§ **What you will do**:
Transcribe the listing exactly; drop the images.

§ **Information supplied**:
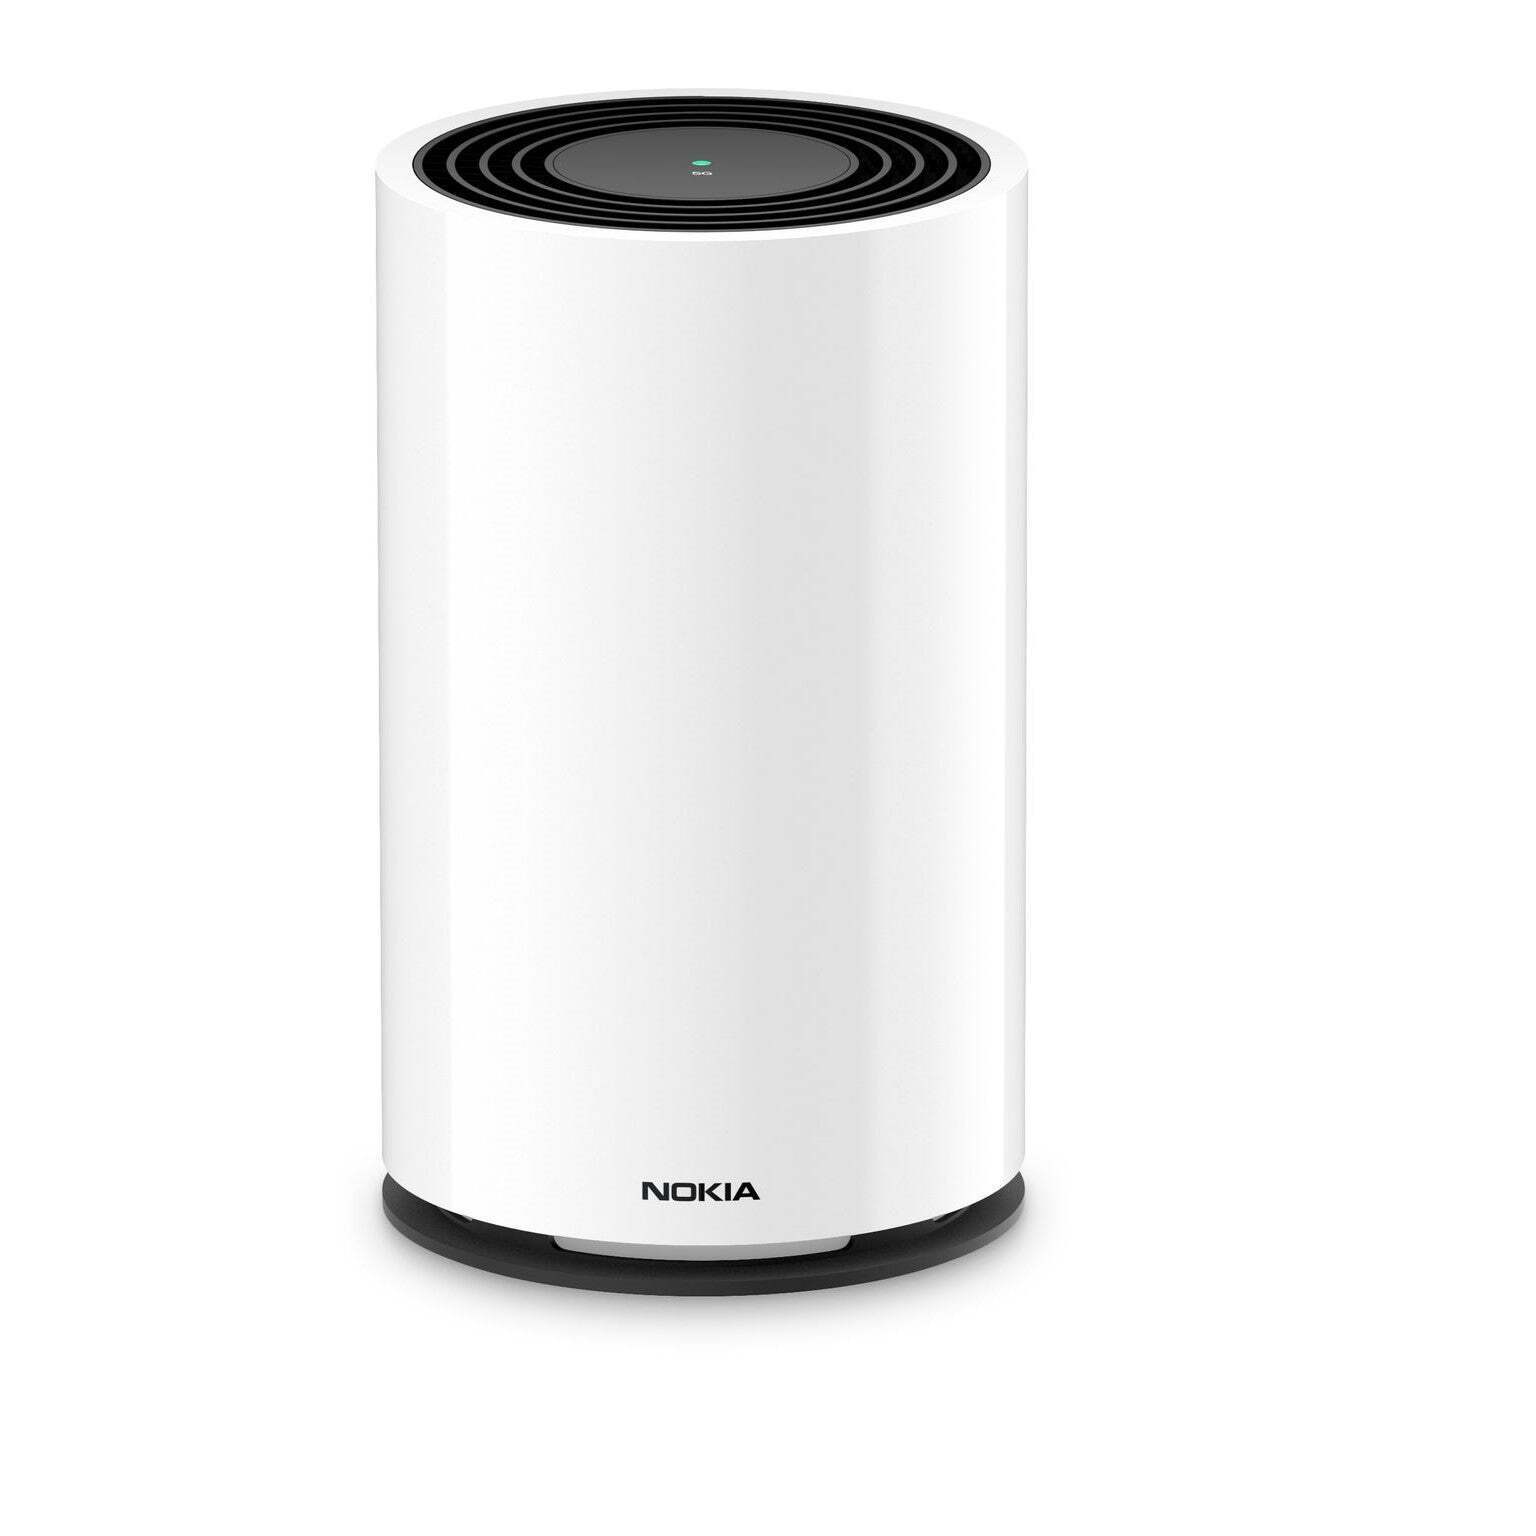 Nokia Fastmile 5G Router, Unlocked
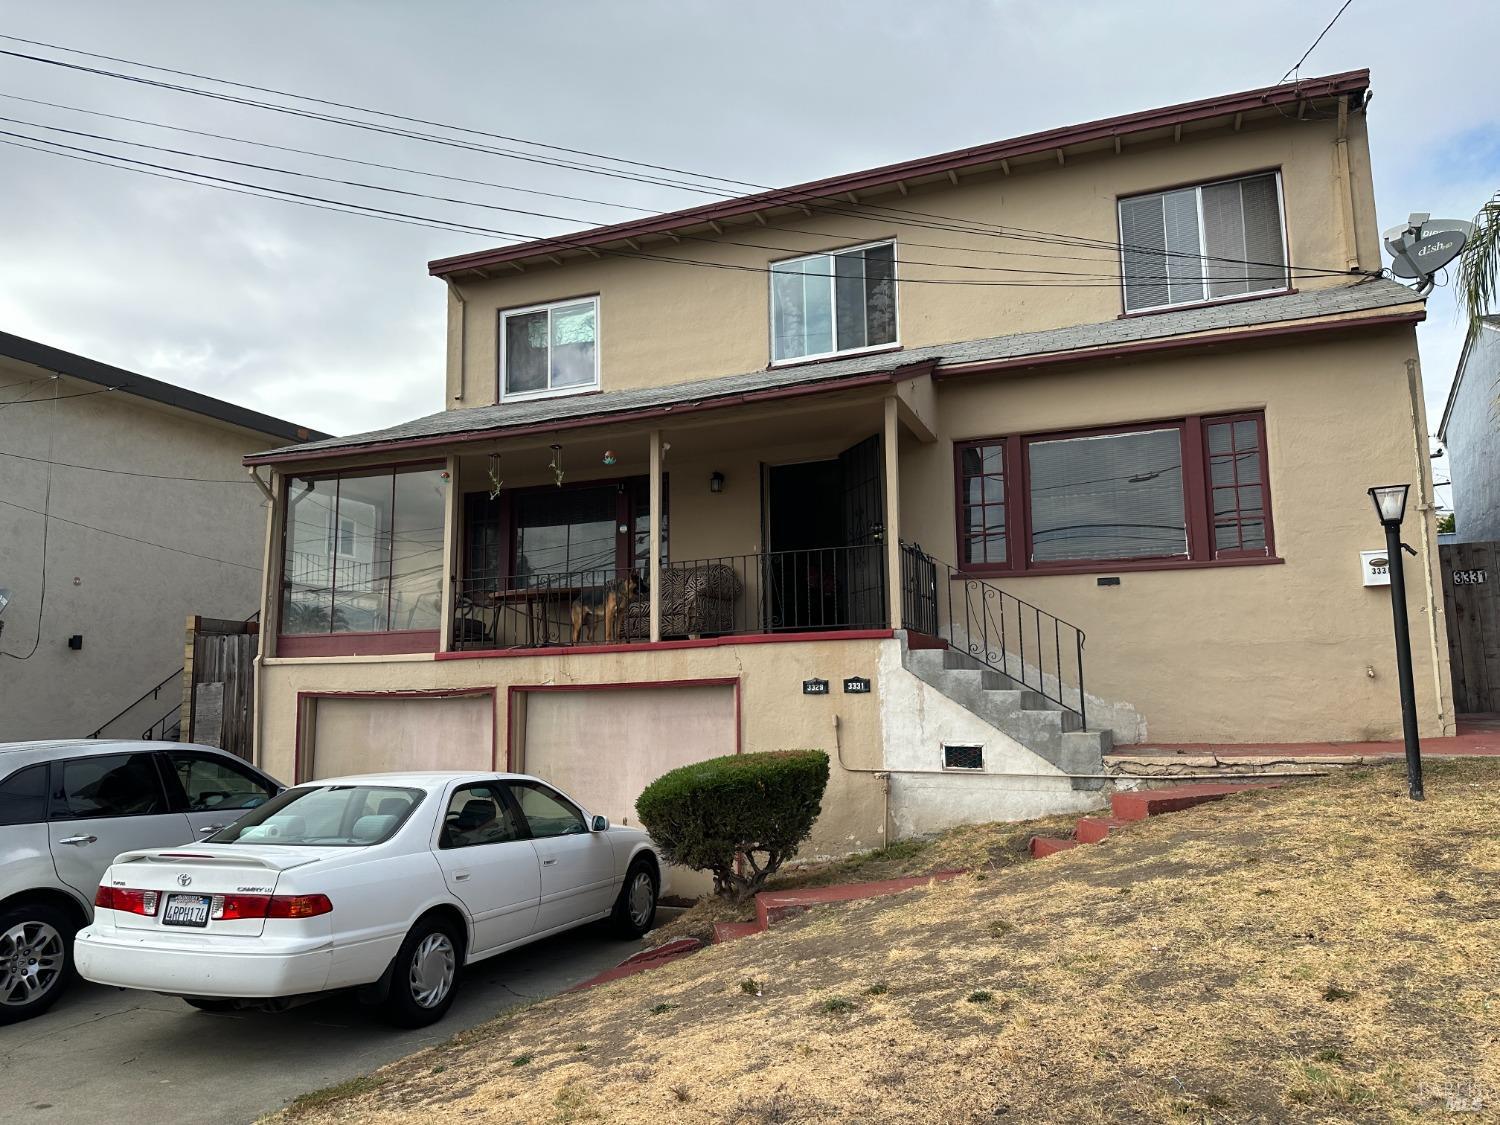 Photo of 3329-3331 64th Ave Pl in Oakland, CA
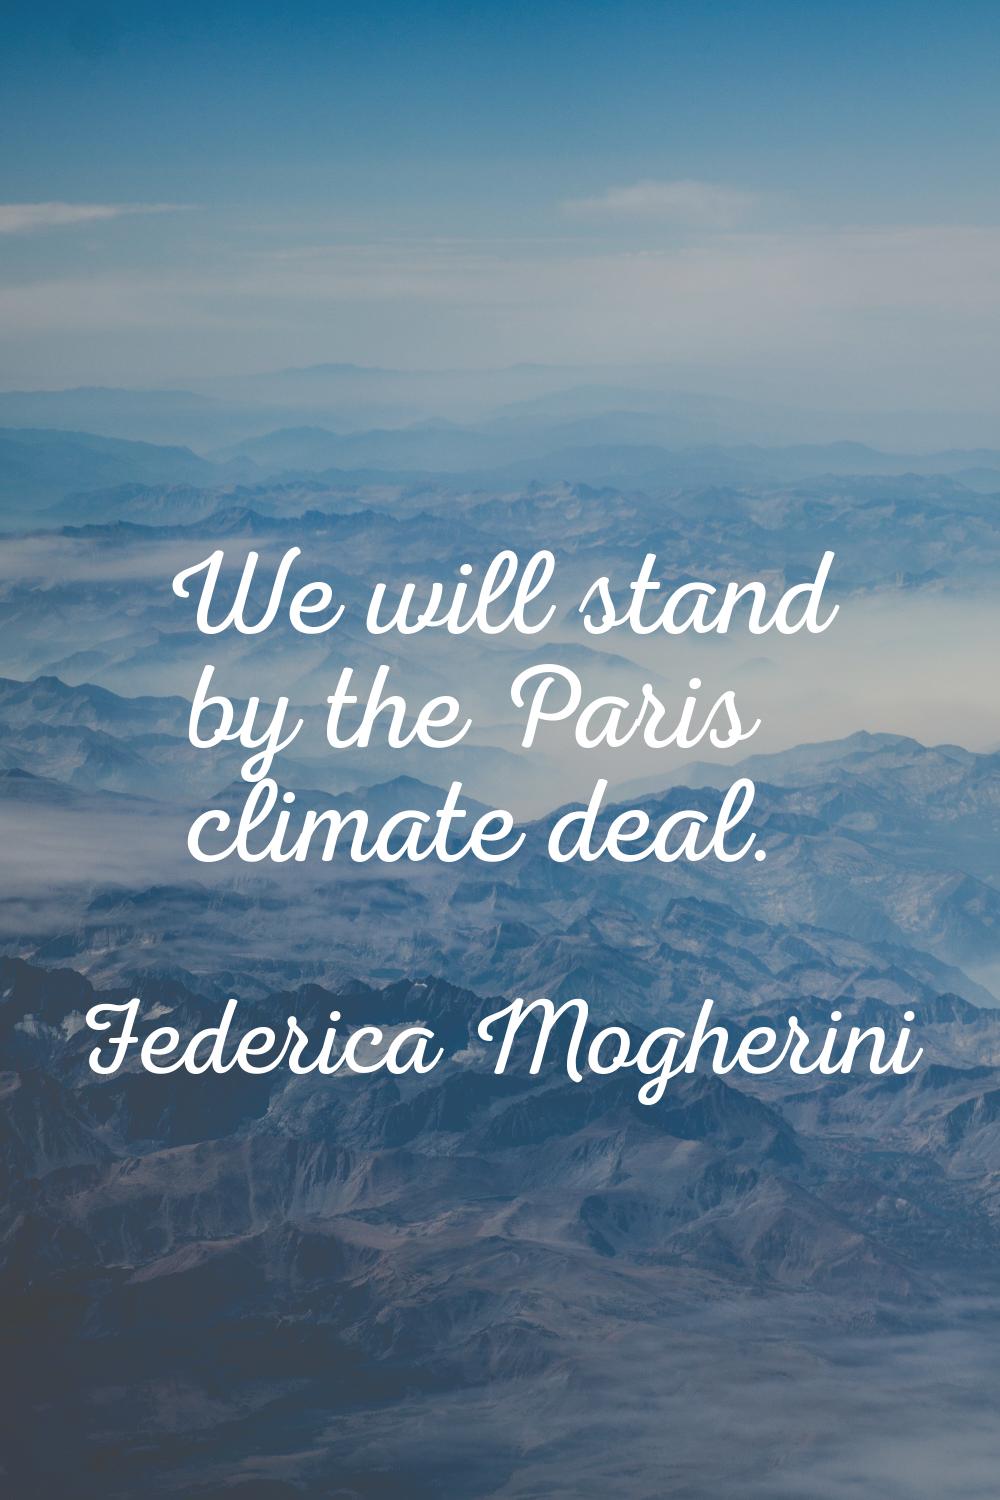 We will stand by the Paris climate deal.

§ **Solution for this exercise**:
 Nokia Fastmile 5G Router, Unlocked
 Photo of 3329-3331 64th Ave Pl in Oakland, CA
 We will stand by the Paris climate deal.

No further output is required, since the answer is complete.